Does the equation 3x = 2 have a solution?

You might think: “What a dumb question! Of course it does! It’s 2/3.” Well, you are not wrong… IF we allow x to be a fraction.

But what if we want x to be an integer? Since 2 is not a multiple of 3, there is no integer x that will make 3x = 2 a true statement, and what does that imply? The equation has no solution.

Now you might think: “All right, fair enough. But why would somebody want to impose a restriction on the solution?”

A good reason is that some restrictions are inherent in the problems we are faced with.

Consider this situation. Suppose you have 2 free movie tickets, and you want to watch the movie with 2 other friends. How can you split the tickets among the 3 of you?

The answer is, you can’t. You can’t simply let each of you take 2/3 of a ticket. To enter a cinema, each person needs a whole number of tickets (actually just one, but you get the idea). Therefore, there is no solution in this case. You either have to get an extra ticket, or get rid of a friend from the movie outing.

All right, so here’s the main point I want to drive home:

The existence of a solution depends not only on the equation itself, but also on what the variables can be.

For the rest of this post, we are going to look at several cases of the number of solutions. To avoid ambiguity, let’s assume that the variables can be any numbers on the usual number line (or “real numbers” in mathematical parlance).

No solution

Consider the equation

$\displaystyle x+12=x.$

If we try to subtract the variable x from both sides, we will arrive at 12 = 0 which is absurd. Hence, there’s no number we can assign to x to make the equation a true statement, meaning the equation has no solution.

There’s also a way to interpret it geometrically. If x were to satisfy the equation, then after we move 12 steps to the right from x, we should be back to x. This is not possible if we move along the number line (see Remark 2.1), and that’s why a solution does not exist.

One unique solution

We’ve already seen one example in this post, so let’s study something different. This time, we have more than one equation and more than one variable.

$\displaystyle 3x+2y=10\\\\ \displaystyle 2x-5y=13$

We call the collection above a system of equations. A solution to the system is an assignment of values to all the variables that makes all the equations true simultaneously (i.e. a common solution). That’s why a system like this is also called simultaneous equations.
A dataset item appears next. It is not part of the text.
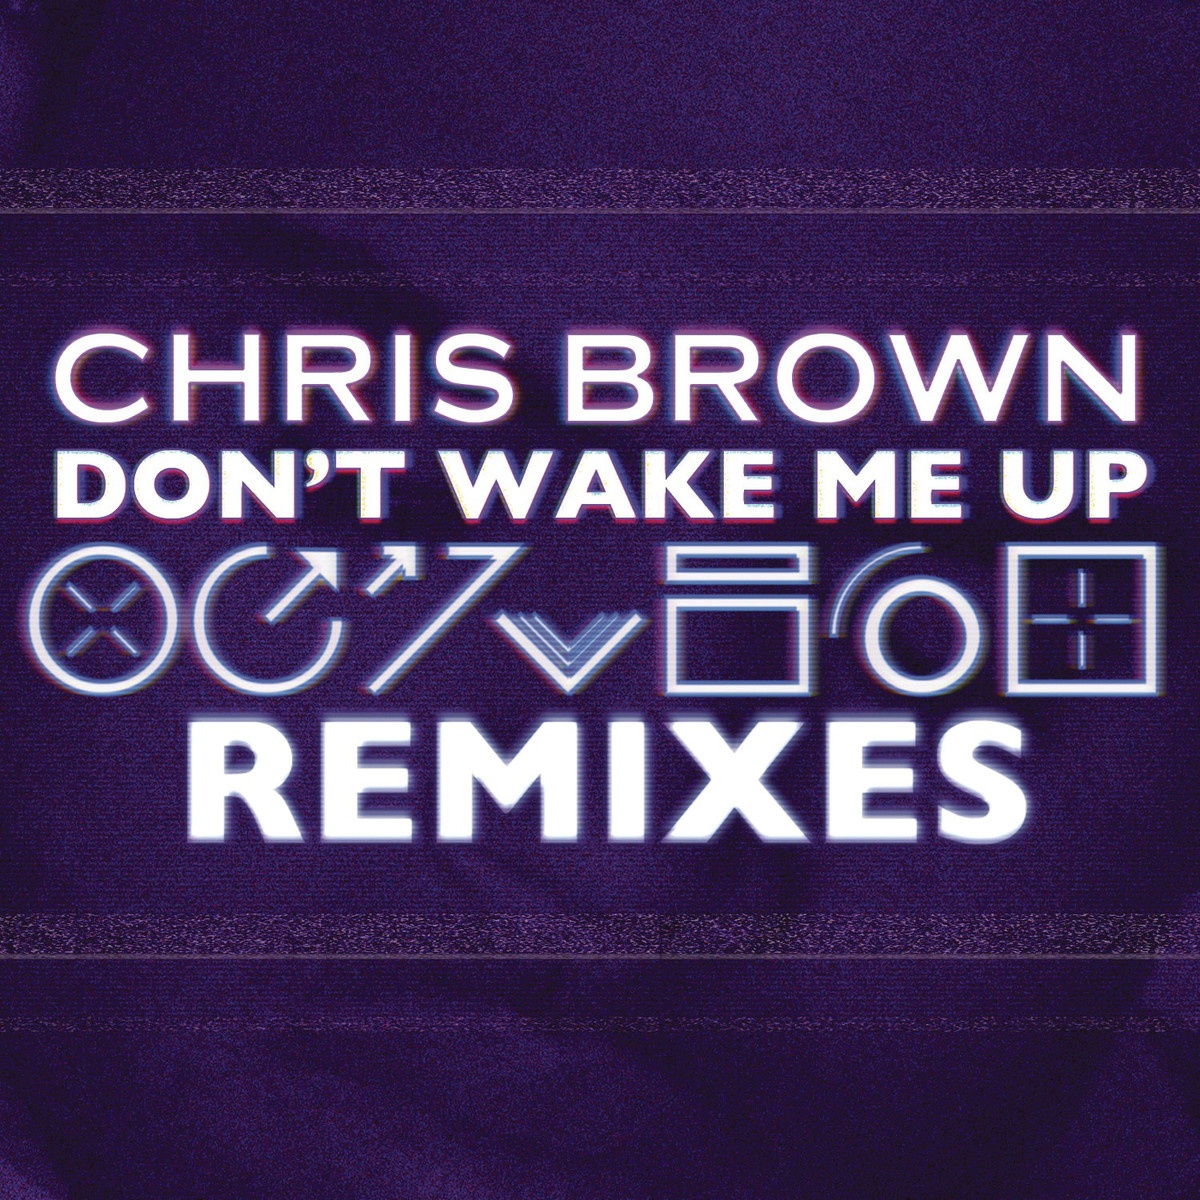 Don't Wake Me Up - Clinton Sparks Remix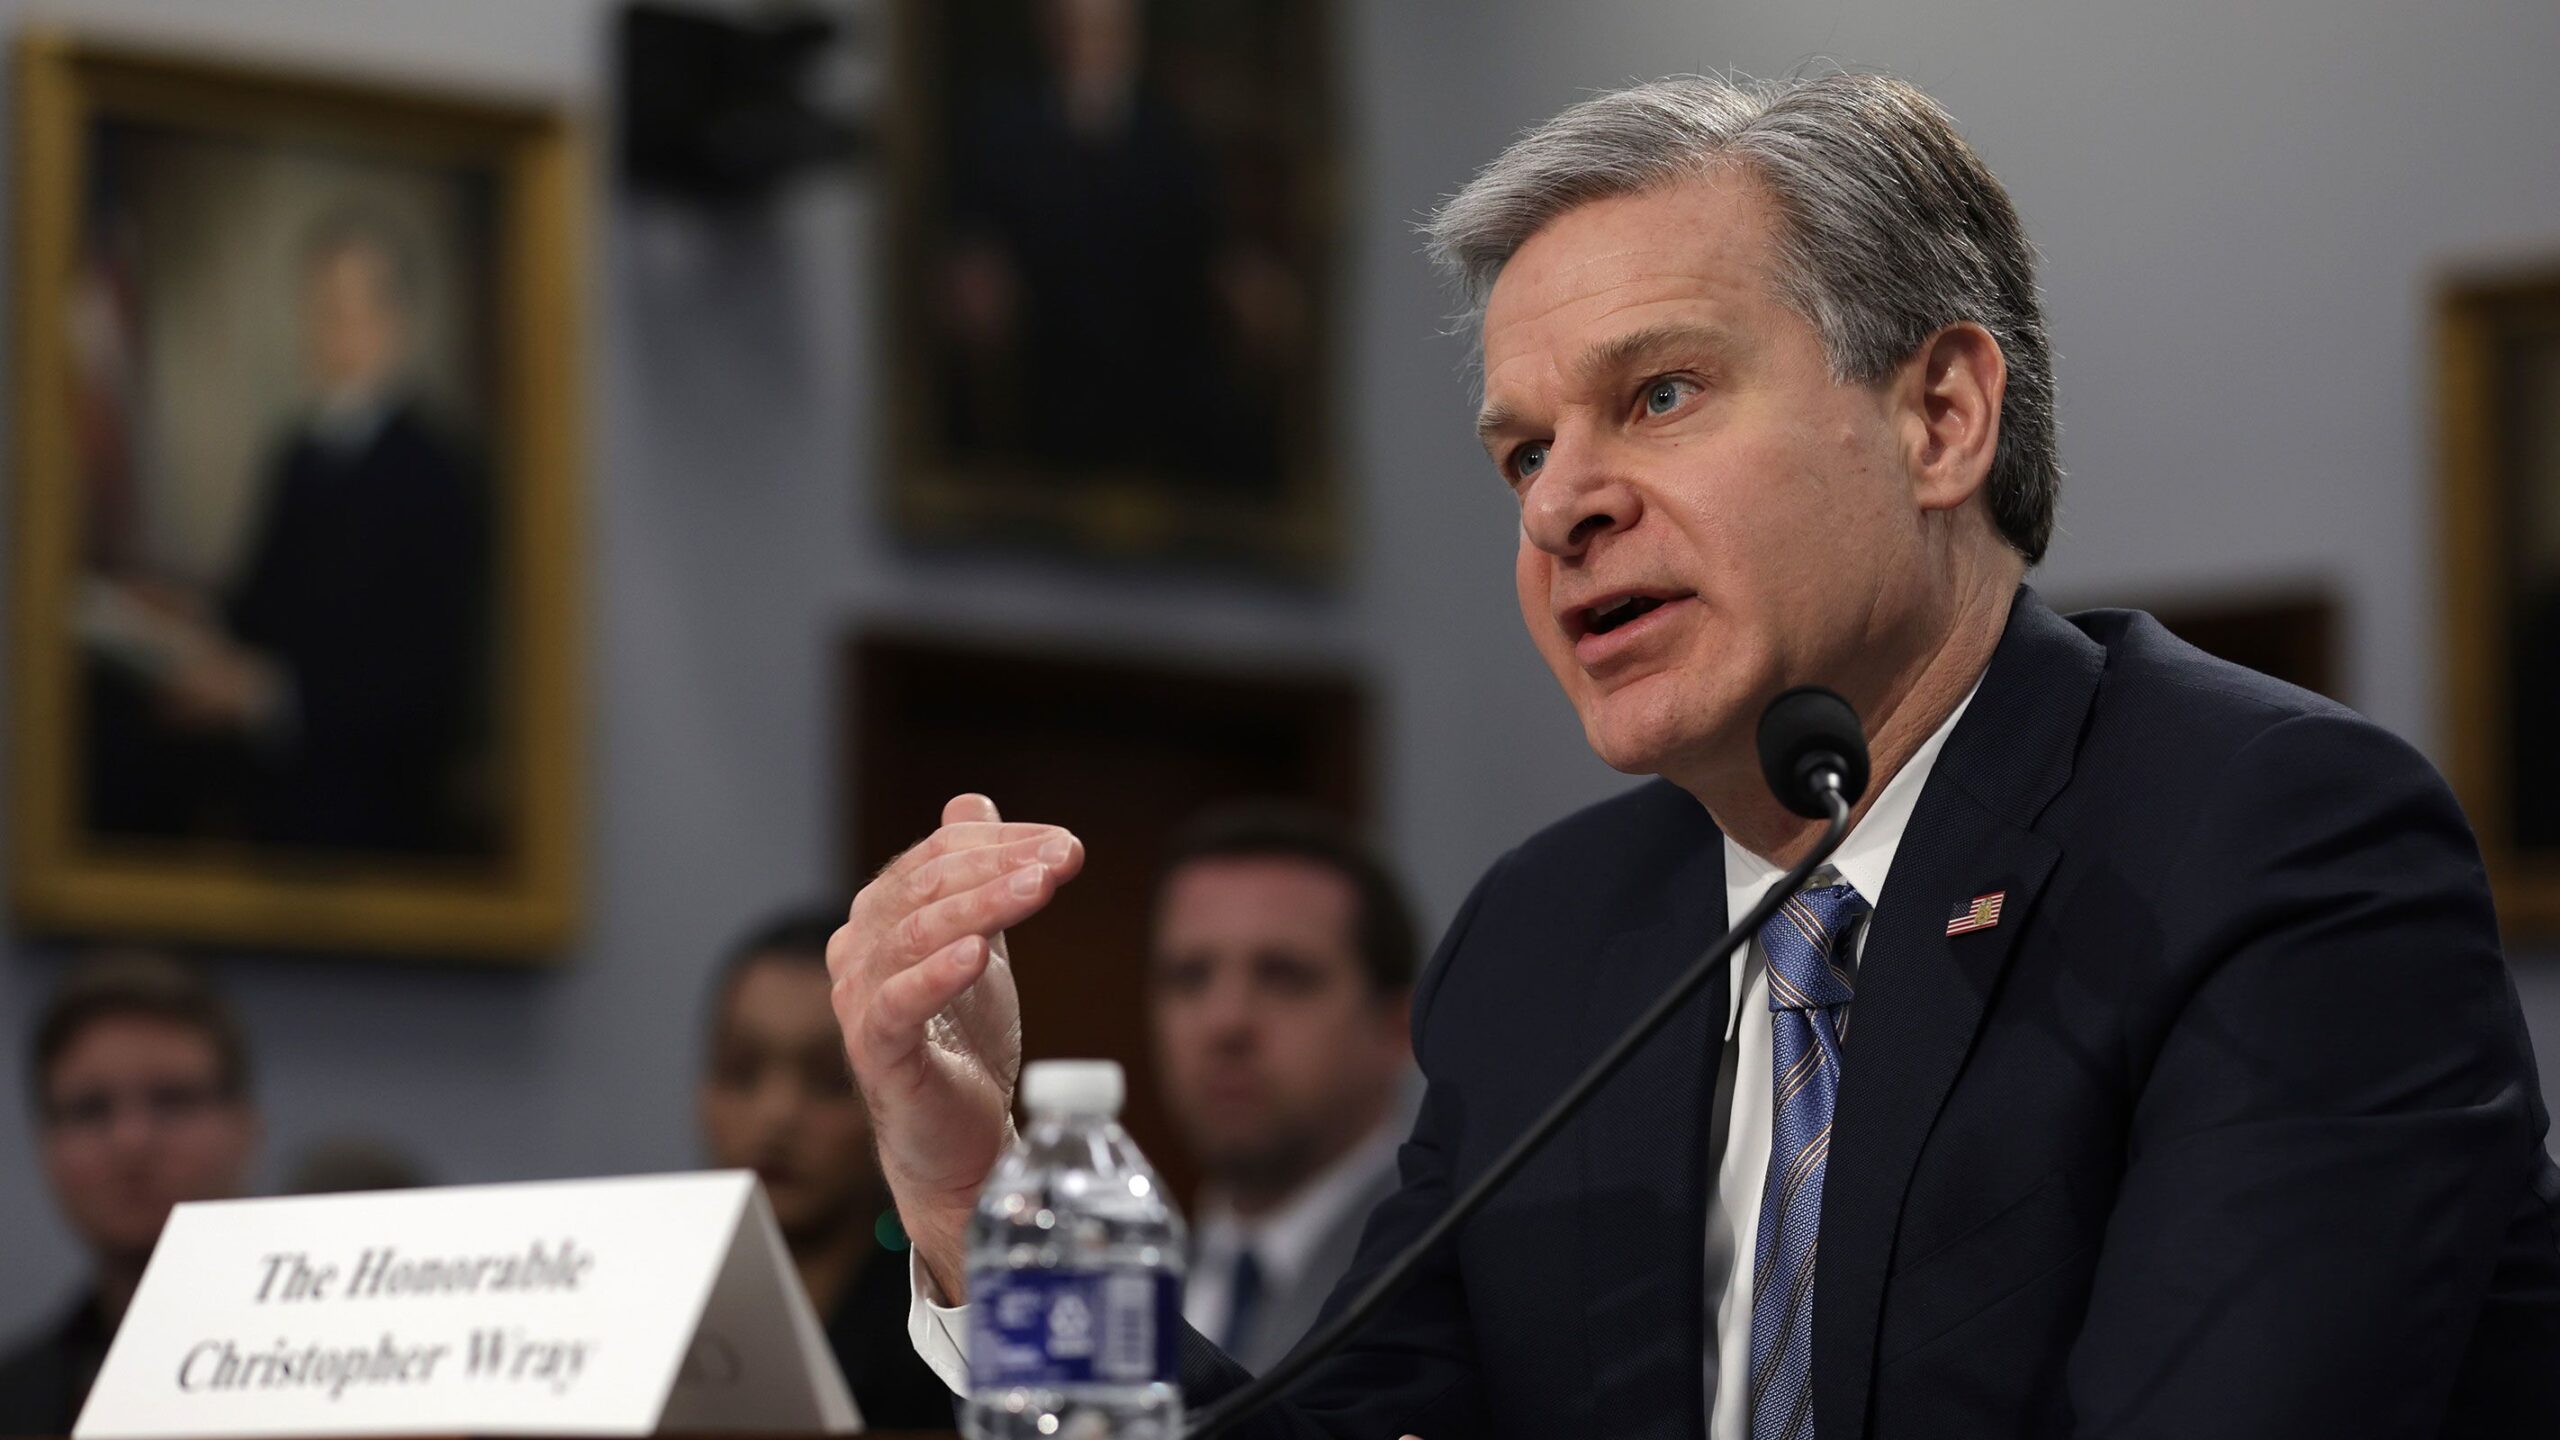 FBI Director Christopher Wray said on Oct. 15 that the agency has seen an increase in reported thre...

Let’s try the pair x = 4 and y = –1 and see what we get:

$\displaystyle 3(4)+2(-1)=10\\\\ \displaystyle 2(4)-5(-1)=13$

Since the assignment yields two true statements, it is a solution to the system. Moreover, with some extra work, we can actually show that it is the ONLY solution, but that’s a topic for another day.

“More than a finite” (or infinite) number of solutions

Recall that in Remark 1.1 we saw the inequality

$\displaystyle 10x-4<5x+2$

for which x = 1 is a solution. In fact, after some manipulation, the above inequality can be simplified into $x<\frac{6}{5}$ . As a result, any number that is smaller than 6/5 is a solution, and there are “infinitely” many of them!

The discussion of solutions certainly does not end here. There are just so many interesting facets that we can explore. However, I believe this post has had a good number of points in it already, so I’ll just end with two remarks below. But until next time, stay acute, stay positive. See you!

Remark 2.1

When we were discussing the equation x + 12 = x, we claimed that it has no solution because we always get a statement 12 = 0 (i.e. the net effect of moving 12 steps forward is the same as not moving at all) which is simply not true on a number line. But what if we are on a circle with only 12 points?

Wait, what?

No, seriously. This is an example of something called modular arithmetic. And I’m willing to bet that you have seen a real life example at least once in your lifetime.

Let’s go back to the original question, and assume that we are living on this number circle. Say we begin at x = 3, and we move 12 steps clockwise. Where do we land? We’re back to x = 3, aren’t we? Algebraically, doesn’t that translate to x + 12 = x? That means x = 3 is a solution!

Also, there’s really nothing special about x being 3. Begin at any point x you like on the circle, it will always satisfy x + 12 = x. Now, this is interesting because everything on this number circle turns out to be a solution.

Remark 2.2

Hmm, everything is a solution, huh. I wonder if something like this will happen when we are on the usual number line. Well, consider this silly-looking equation

$\displaystyle x+3=x+3.$

Wait, aren’t both sides of the equation exactly the same? Then of course anything is equal to itself, regardless of what x is. In other words, every x on the number line is a solution to this equation!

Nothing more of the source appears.